Abstract: Convolutional encoding is a forward error correction technique that is used for correction of errors at the receiver end. Viterbi decoding is the best technique for decoding the convolutional codes. Convolution encoder and Viterbi decoder are widely used in many communication systems due to the excellent error control performance. This work deals with the design and implementation of convolution encoder and Viterbi decoder using Field Programmable Gate Array. By analysis the algorithm of Viterbi decoder, the project explores a practical method to design a parallel processing Viterbi decoder. It means trace back and decoder can simultaneously work in order to improve the processing speed. Due to parallelism, Total latency in decoding first bit will be 3L as compared to conventional approach which is 4L, where L is Traceback length. The experimental results show that this method is feasible.

Keywords: Viterbi, Traceback, Branch metric unit, Add compare select

## **1.Introduction**

The Viterbi decoding algorithm, proposed in 1967 by Viterbi, is a decoding process for convolution codes in memory-less noise. The algorithm can be applied to a host of problems encountered in the design of communication systems. The Viterbi maximum-likelihood and a maximum posteriori algorithm. A maximum posteriori algorithm identifies a code word that maximizes the conditional probability of the decoded code word against the received code word; in contrast a maximum likelihood algorithm identifies a code word that maximizes the conditional probability of the received code word against the decoded code word.

The two algorithms give the same results when the source information has a uniform distribution.
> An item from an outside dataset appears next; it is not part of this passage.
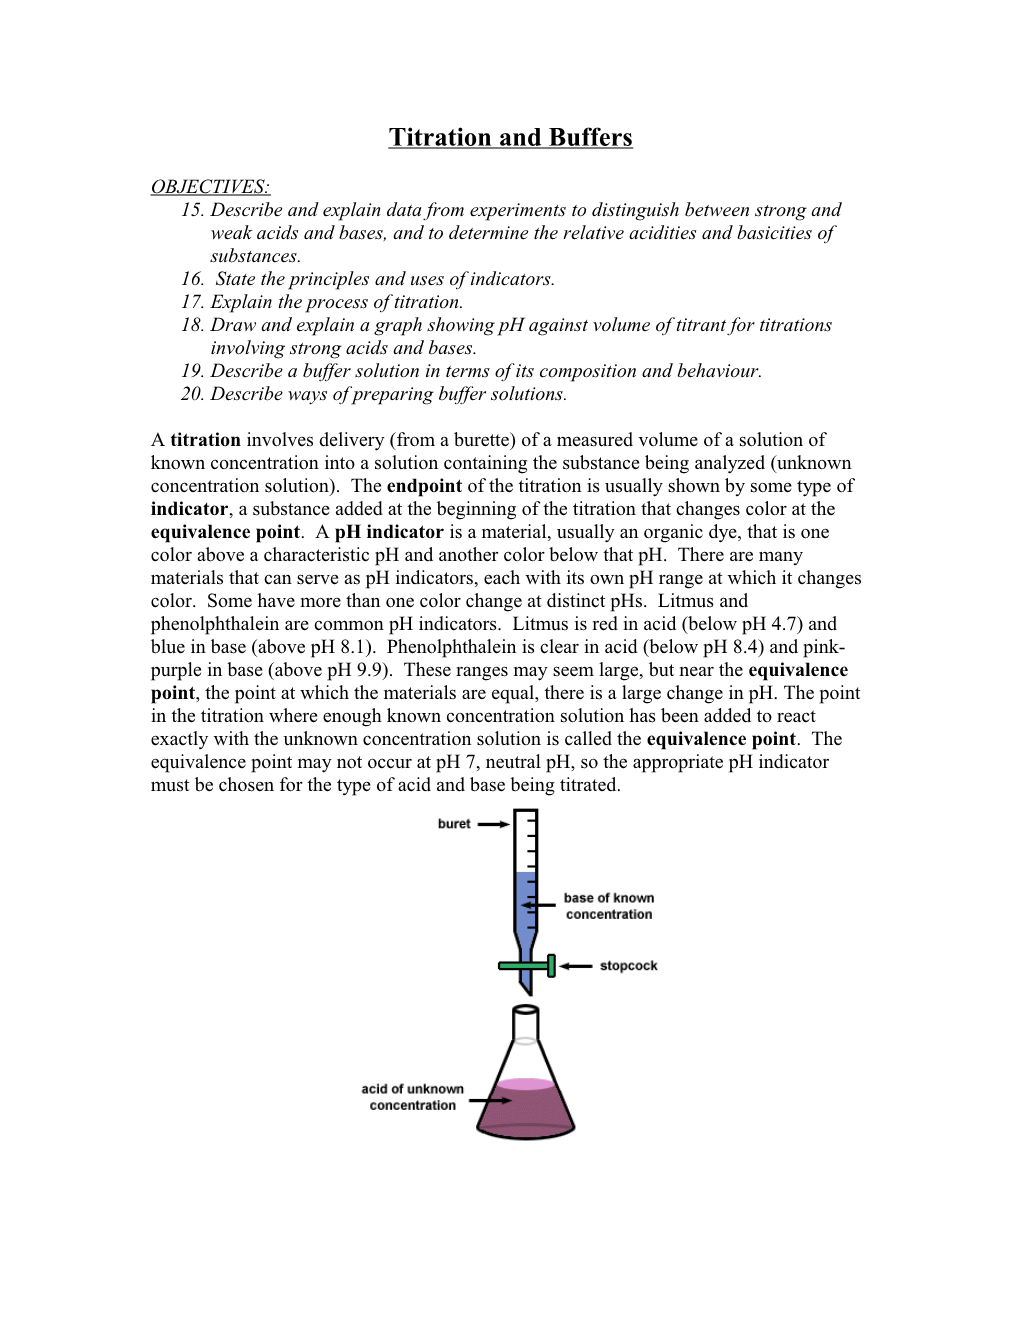 Buffers and Titration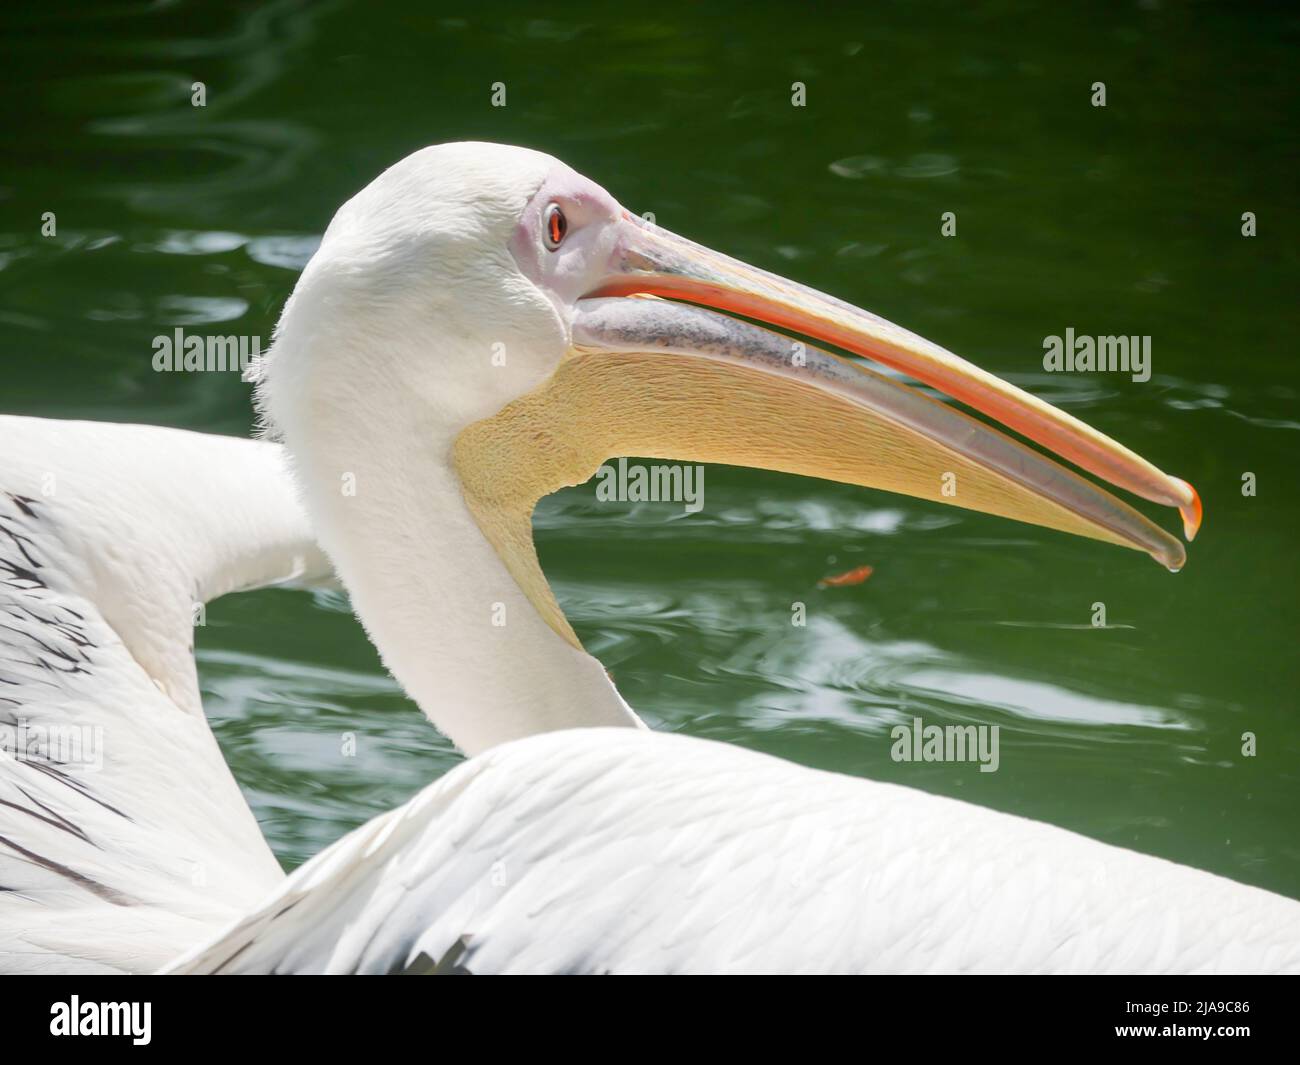 Pelican, Big water birds close up picture. pelicans are characterized by a long beak and a large throat pouch. Stock Photo

A normal Viterbi decoder traces back first and then decode results. The aim of this paper was to design a parallel processing Viterbi decoder. It means that this design can continuously trace back and simultaneously process decoding results. In this way, the Viterbi decoder is more efficient. This has been the focus in the present paper. Several important design issues have also been discussed in the paper, such as organization of convolution encoder and Viterbi decoder, branch metric unit computation method, the design of add compare select, parallel unit of trace back and decoder. A normal Viterbi decoder is usually composed of five blocks, as shown in the Fig. 1.

BMU (Branch Metric Unit) receives the input signals and compute the difference between the input signals and the expected values, and then outputs the results to the Add Compare Select. ACS (Add Compare Select) completes the survivor paths and generates the decision vector. This module has two comparators, and these two comparators are parallel.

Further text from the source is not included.